§ **Task instructions**
Transcribe all data verbatim. Skip the pictures.

§ **Material provided**
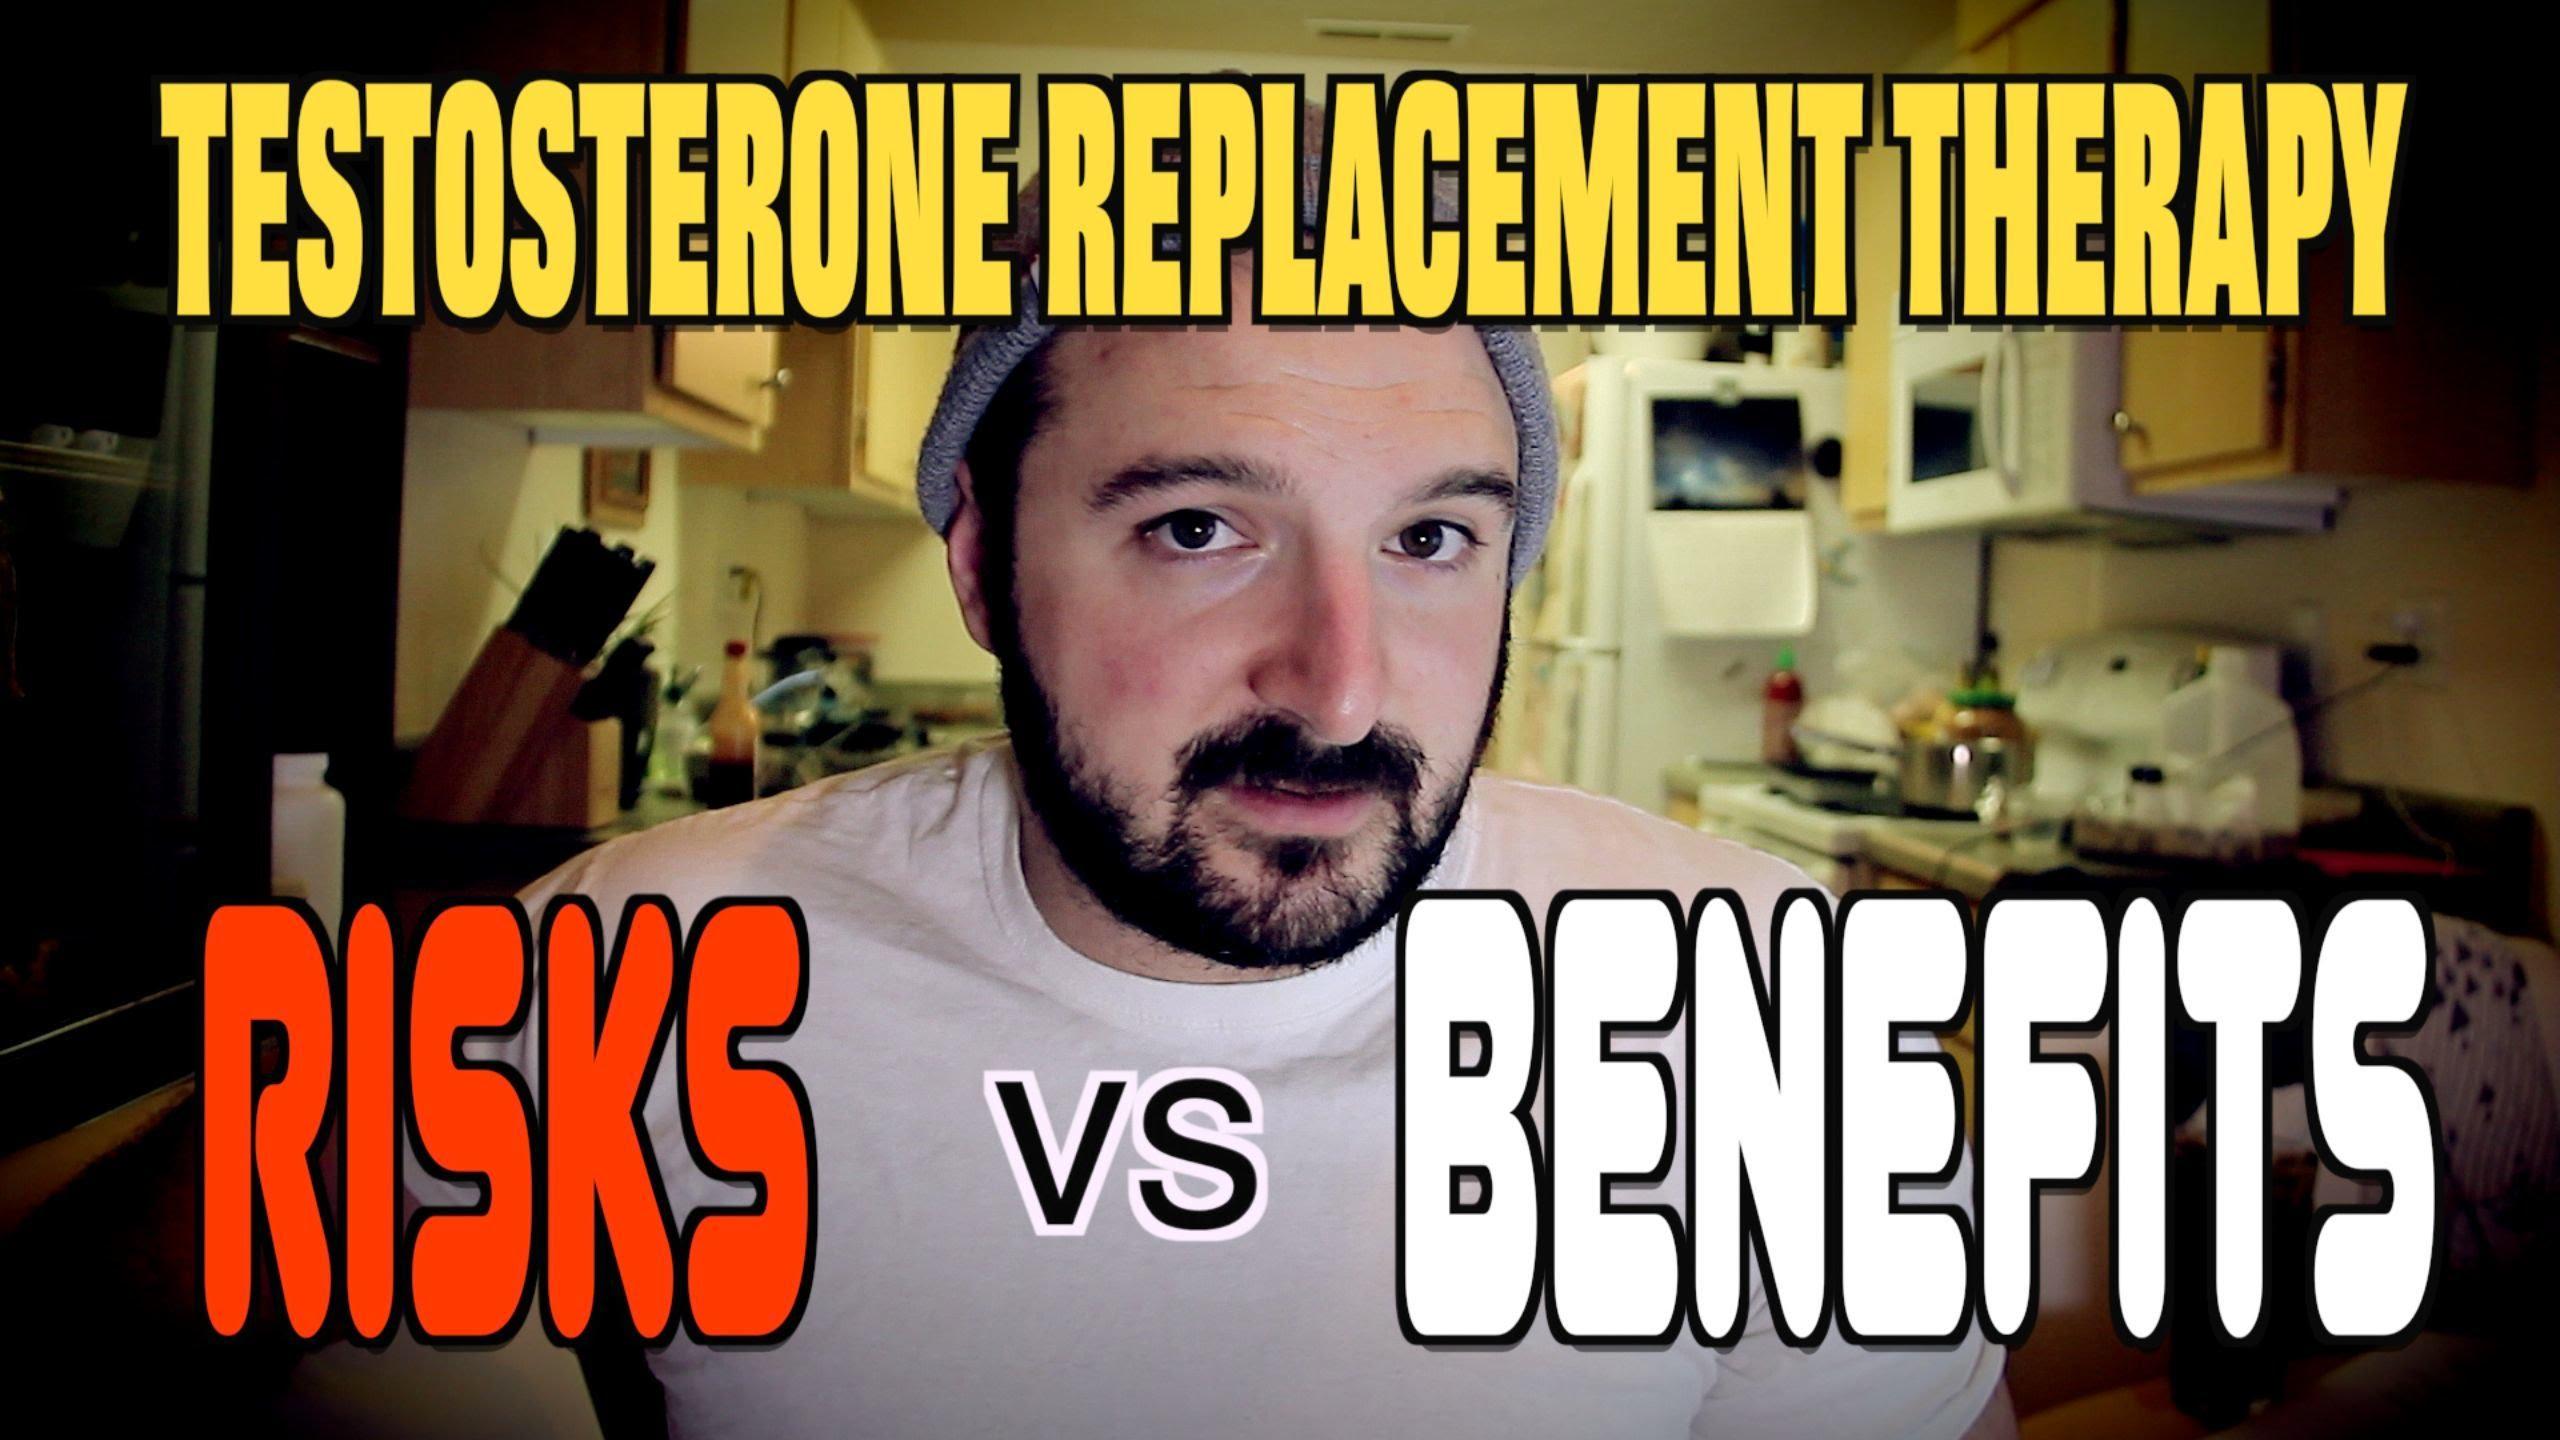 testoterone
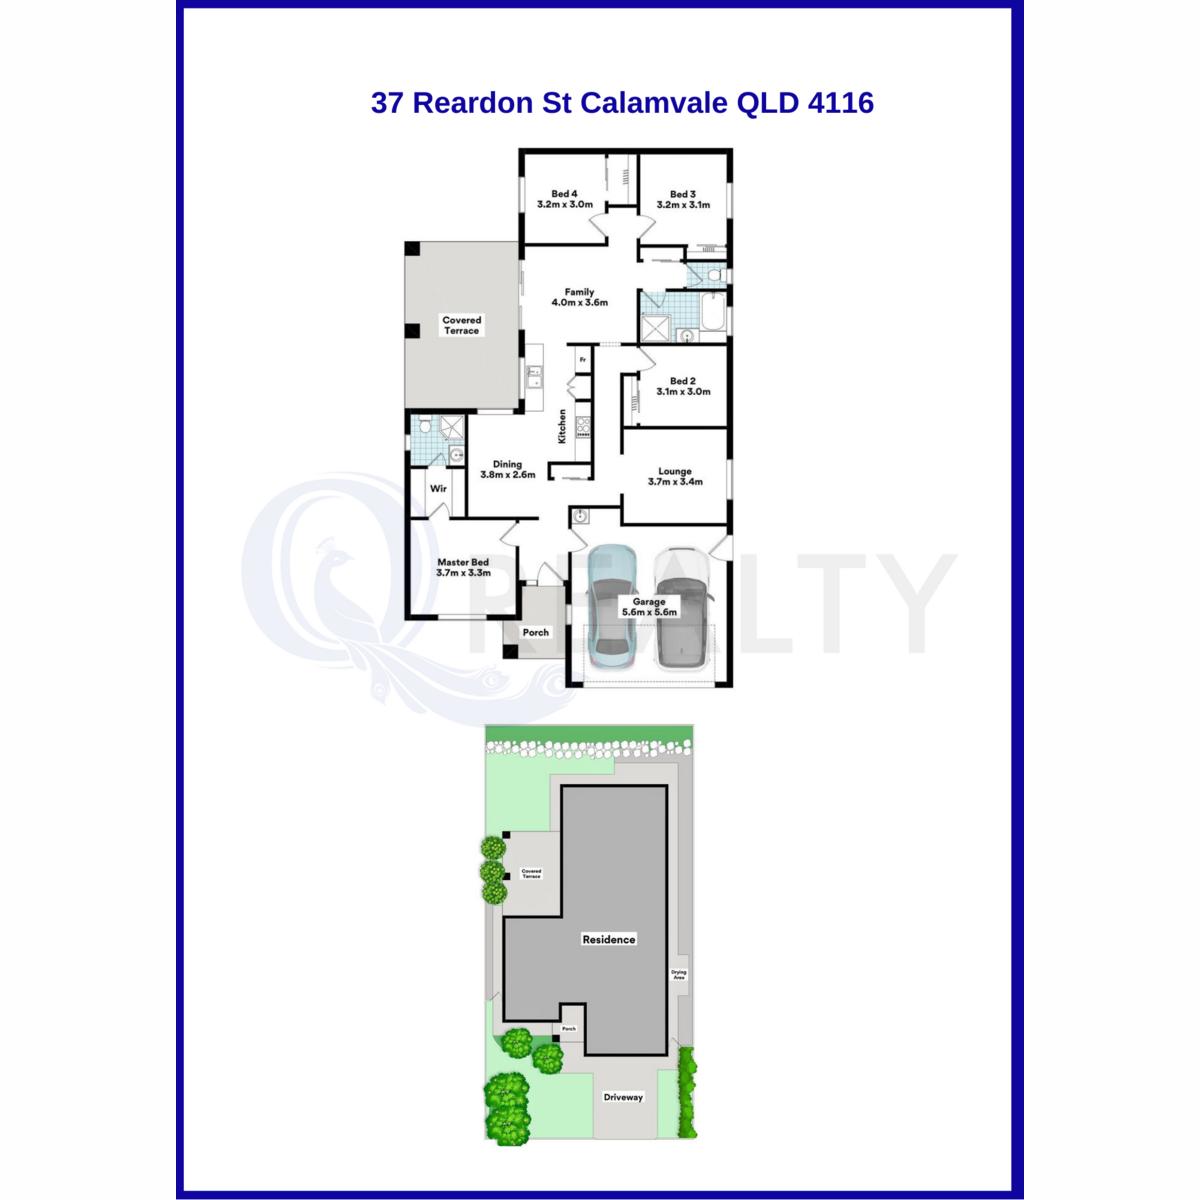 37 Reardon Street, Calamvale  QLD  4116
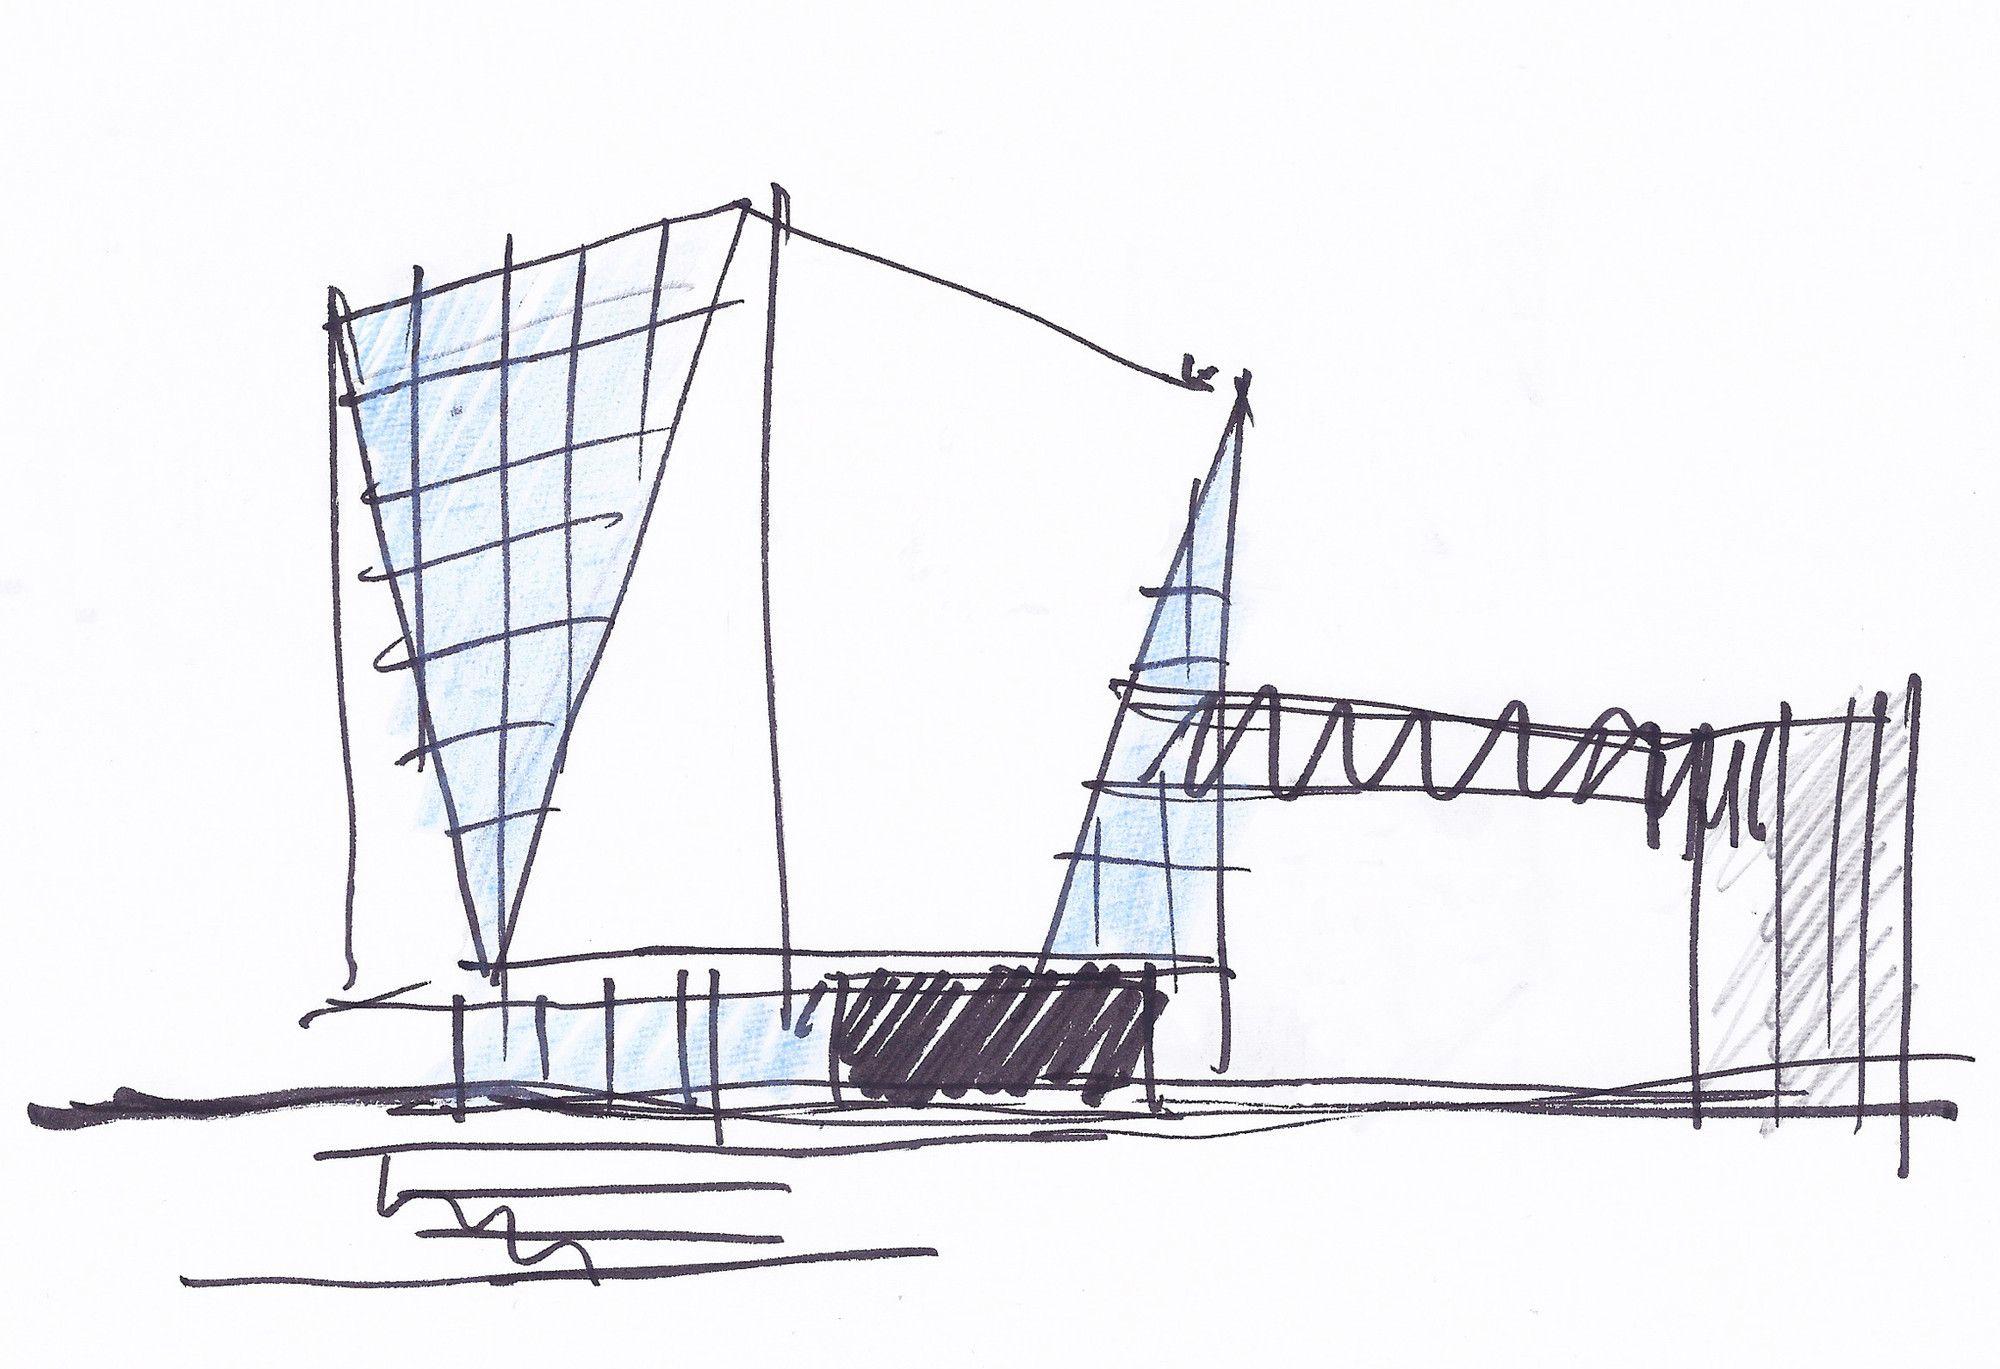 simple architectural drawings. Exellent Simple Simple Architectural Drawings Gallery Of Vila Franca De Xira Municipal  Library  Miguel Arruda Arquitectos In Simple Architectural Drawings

§ **Exercise solution**
 testoterone
 37 Reardon Street, Calamvale  QLD  4116
 simple architectural drawings. Exellent Simple Simple Architectural Drawings Gallery Of Vila Franca De Xira Municipal  Library  Miguel Arruda Arquitectos In Simple Architectural Drawings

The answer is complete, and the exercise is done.